Но сколь бы особой ни была сфера политического управления, обладатель даже высших государственных полномочий все же продолжал оставаться обыкновенным земным человеком. Ни дух нового времени, ни магия всех свершенных над ним ритуалов не в силах были изменить глубинную природу его психики. Земная плоть во все времена брала свое, и, рожденный смертной женщиной, даже Иисус был вынужден бороться с теми испытаниями, которые она посылала Ему. Вот только, может быть, Он один и был способен устоять, слабой же человеческой природе свойственно поддаваться давлению всего вершимого вокруг. В том числе и давлению вершимого вокруг зла. И, постепенно черствея, привыкать ко многому.
К чему же долженствовало привыкать еще только формирующейся психике будущего грозного властителя?
На четвертом году он лишился отца, ему было всего восемь лет, когда скончалась его мать. Уже одно это способно служить мощным мутагенным фактором в ходе формирования человеческой психики. Но ведь было и другое, что дополнительно отягощало последствия всех этих травм. Правда, детское сердце часто легко переносит такие утраты, их подлинную величину можно осознать лишь с опытом. К тому же в нежном возрасте смерть близких переносится тем легче, чем меньше любви связывает с ними. Но хранимая и формируемая родительской любовью душа ребенка не столь чувствительна к житейским ранам, наносимым сложившемуся быту его семьи, сколь именно к ее дефициту. Собственно, эта любовь до определенной поры и образует собой конечные пределы всей окружающей его физической реальности, ведь именно она выступает тем охранительным началом, которое ограждает его от всех невзгод и испытаний большого мира. И когда в этот уютный, укрытый от внешнего зла уголок домашнего тепла и нежной заботы та единственная, ради которой трепетная детская душа всегда готова к немедленному самопожертвованию, вдруг впускает кого чужого, рушится чуть ли не вся вселенная. Речь идет о его матери, и нет в ревнивых и завистливых глазах ребенка большего предательства, чем украсть у него и подарить какому-то чужаку любовь, воздухом которой он только и может дышать. Раны такого рода оставляют глубокие рубцы на всю жизнь. Примирение с родителями происходит лишь с годами; лишь с обретением опыта и накоплением собственных грехов и ошибок к нам приходит способность к пониманию и прощению. Детское же сердце жестоко, и, чем сильней изначальная привязанность к предателю, тем острей и неодолимей желание отомстить.

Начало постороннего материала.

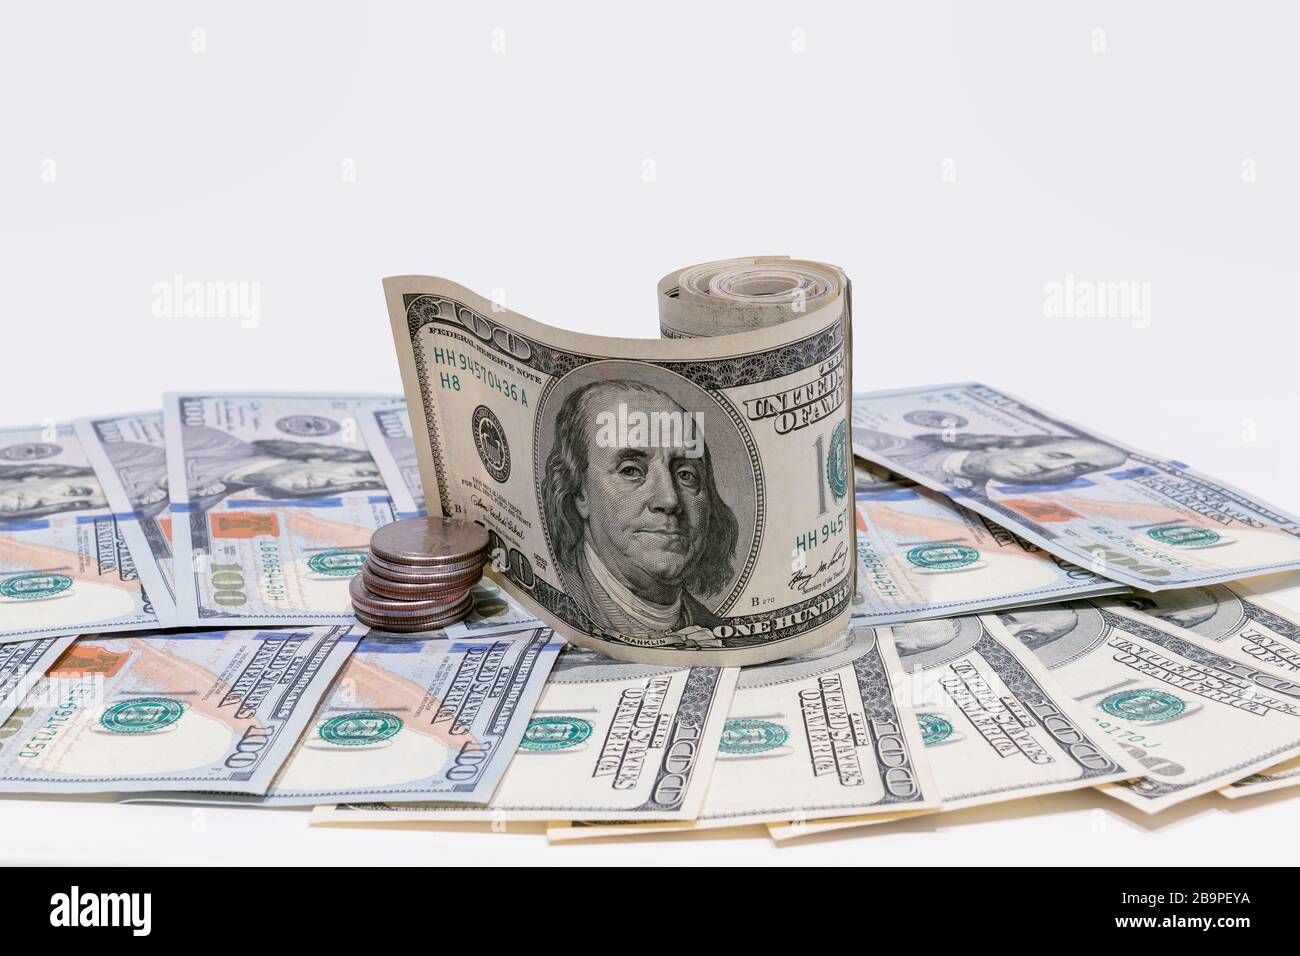 Hundred American dollars and coins. Stock Photo

Как поговаривали, из жизни его мать ушла не без помощи подложенного чьей-то враждебной рукой яда. Но едва ли темные слухи, окружавшие кончину правительницы, могли наводить малолетнего князя на мысль о скрытых путях темных дворцовых интриг и боярских измен. Для этого требуется определенный опыт самостоятельного правления. Но если с годами такая мысль и должна была появиться, то все равно еще долгое время уходящая младенческая обида обязана была примешивать к ней горькое чувство какой-то удовлетворенной справедливости: ибо само небо воздавало тем, которые лишили его родительской ласки.
Но дело не только в небесном возмездии, земная измена также таилась повсюду, смертельной угрозой дышало все.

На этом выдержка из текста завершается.